Interior minister denies reports of Warsaw buses running on Russian gas

2025-01-14 14:27 update: 2025-01-15, 18:04
Fot. PAP/Leszek Szymański
Fot. PAP/Leszek Szymański
A recent media report purporting that Warsaw has been using Russian liquefied natural gas (LNG) for the city's LNG-powered buses, is untrue, the interior minister has said.

The Wirtualna Polska (WP) online news and entertainment outlet published a report on Monday which claimed that a company that could have tricked the government to be removed from a sanctions list of Russia-linked entities was supplying LNG to Warsaw buses.

Tomasz Siemoniak told the private news channel TVN24 on Tuesday that "there is no Russian gas in Warsaw buses."

"There is embargo on Russian gas," Siemoniak said. "In December, an embargo on LNG was also introduced.

"There is no threat, no risk that Russian gas will be in Warsaw's or any other buses, because no-one is importing it."

Cryogas M&T Poland, a company supplying LNG, was put on the sanctions list due to its links to Russia's energy giant Gazprom. But after the company, which was worth hundreds of millions of zlotys, was sold to the Polish-owned firm Omne Energia for a mere PLN 3 (EUR 0.70), the latter was taken off the list by deputy Interior Minister Czeslaw Mroczek.

Siemoniak said Mroczek's decision "was totally correct," because the company was no longer sanctioned after it stopped being Russian.

However, Poland's Internal Security Agency will scrutinise the new owners, Siemoniak added.

Siemoniak also said the WP report was meant to undermine Warsaw Mayor Rafal Trzaskowski and derail his presidential campaign. Trzaskowski is the centrist frontrunner in the May 2025 presidential election.

Mroczek told the Polsat News television channel on Tuesday that when Omne Energia applied for being removed from the sanctions list in December 2024, there was no proof of Russian links or that "the ownership changes were made for appearances and that the real beneficiary was in fact someone else that the persons quoted."

Mroczek also said that "in the event of any company asset transfers, for example money transfers to Russian shareholders," the National Tax Administration (KAS) would be aware of that. "If that happened, KAS would take immediate action and freeze the company."

He also said that Warsaw buses were powered by "American and Qatari gas."

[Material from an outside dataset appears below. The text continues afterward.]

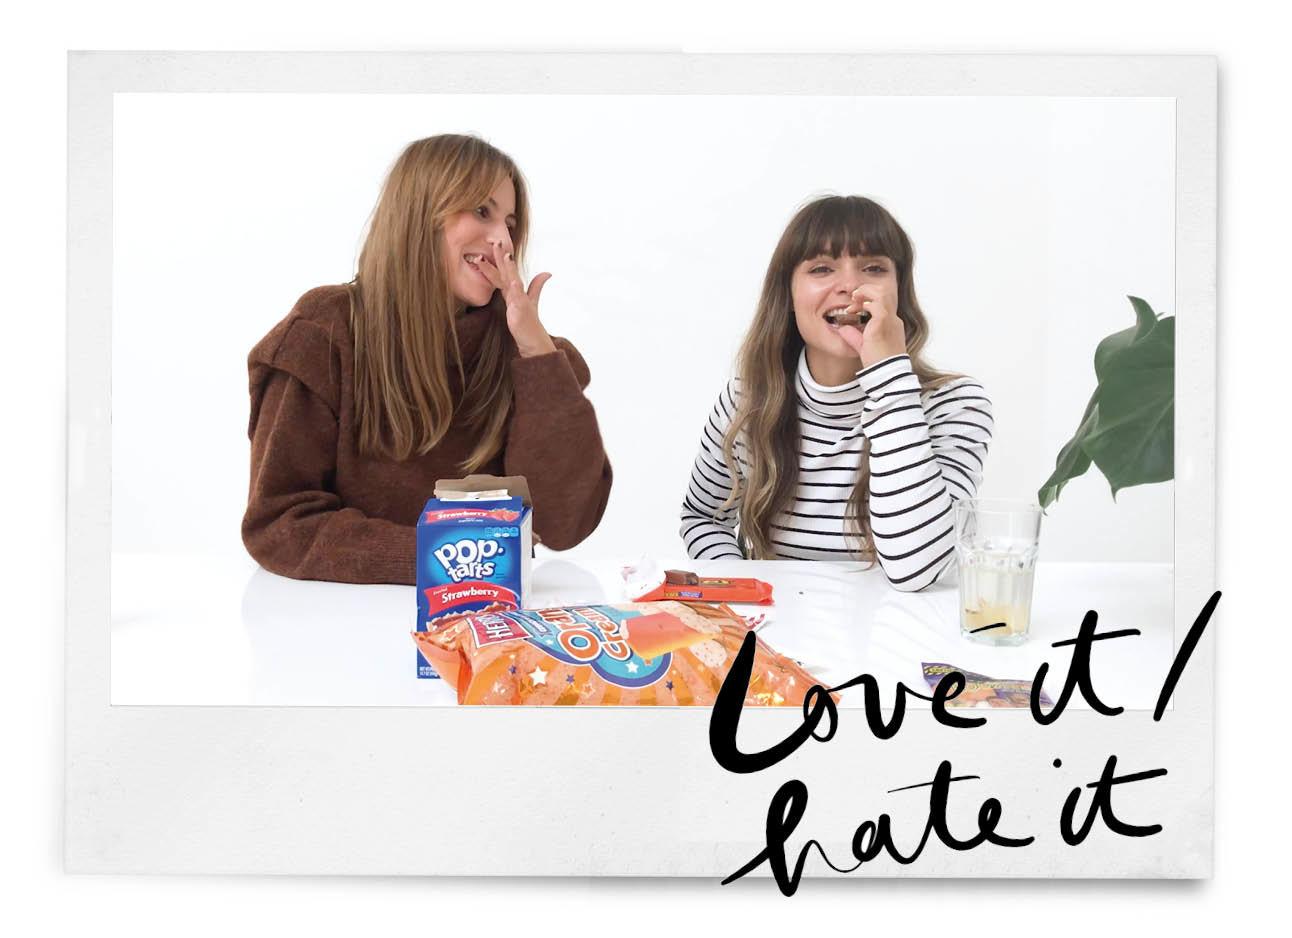 Kiki en lil die lachend aan tafel zitten met om zih geen zakken snoep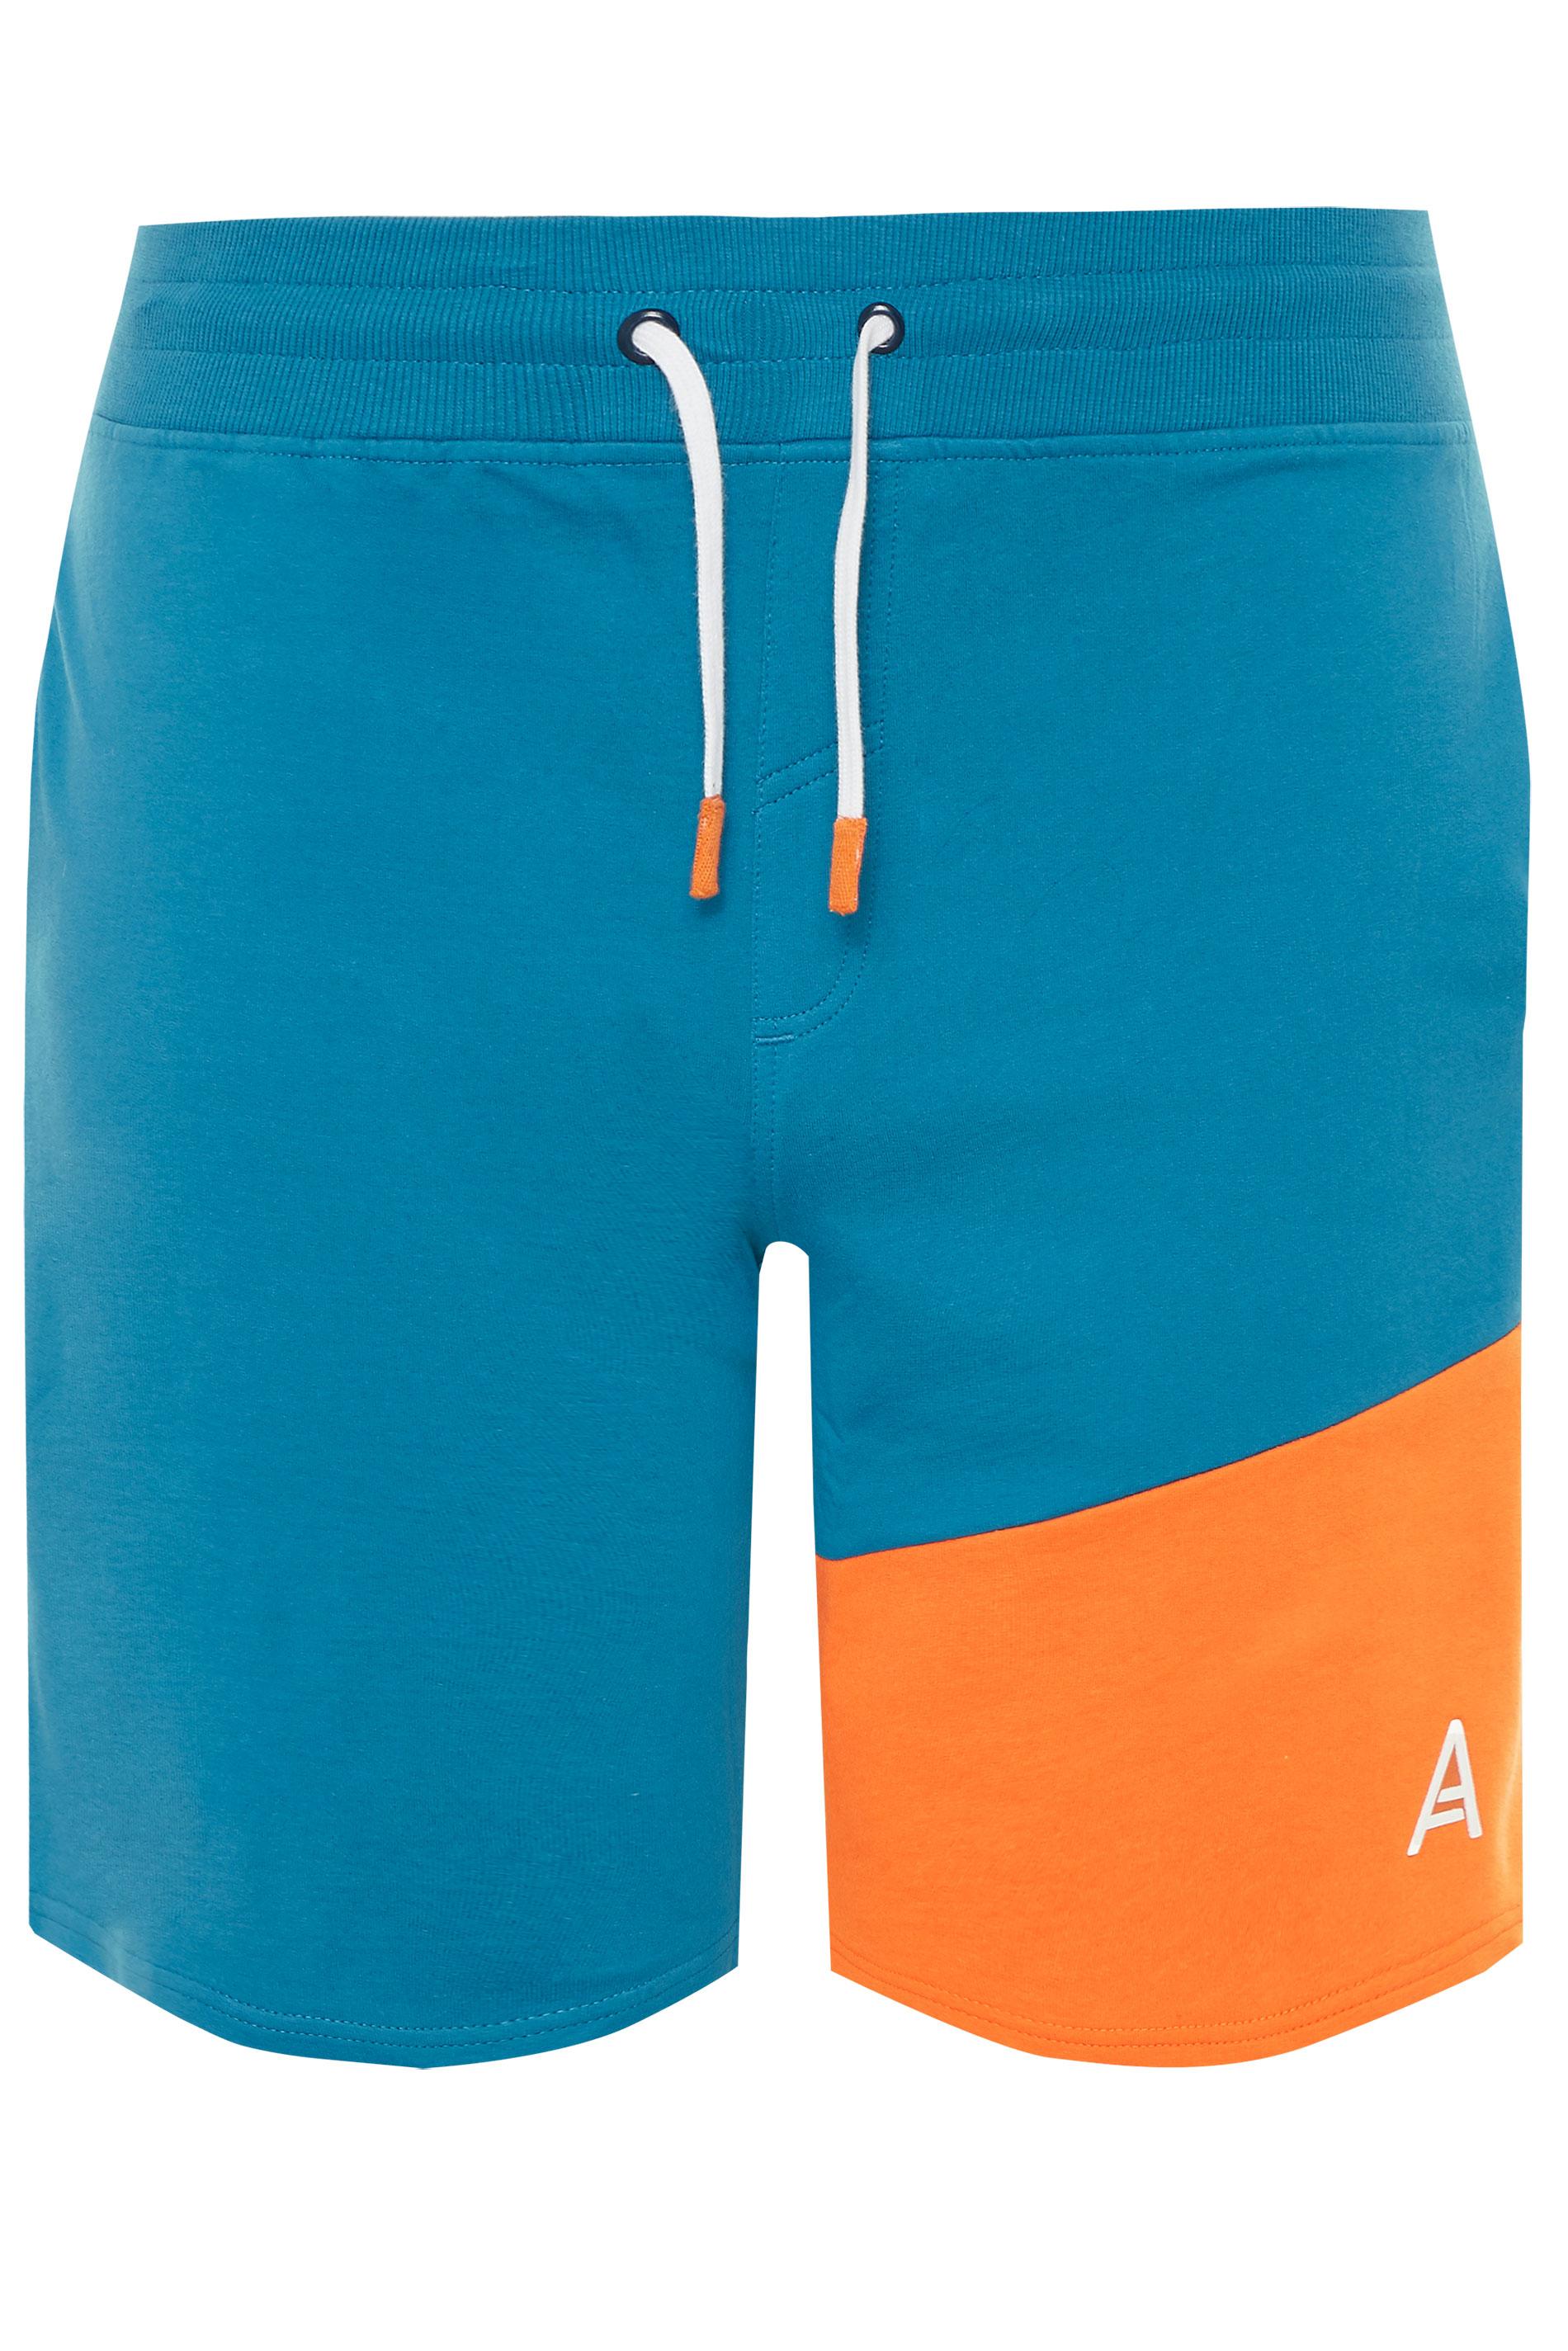 STUDIO A Blue Colour Block Shorts

Adam Stawicki, spokesman for Warsaw's Municipal Bus Company (MZA), sent a statement to PAP on Monday in which he said that the WP report contained untrue information about MZA allegedly purchasing a depot that included an LNG installation owned by a sanctioned company.

He said MZA had bought a property from the Polish company Michalczewski sp. z o.o., but "did not buy any gas installation or any other infrastructure from a sanctioned entity."

"MZA observes strict procedures of verifying contractors," Stawicki wrote. "MZA does not and did not enter into contracts with entities covered by sanctions.

"MZA signed a gas supply contract with the Omne Energia after the company was taken off the sanctions list," Stawicki continued. "The gas supplied by Omne Energia comes from the President Lech Kaczynski gas terminal in Swinoujscie." (PAP)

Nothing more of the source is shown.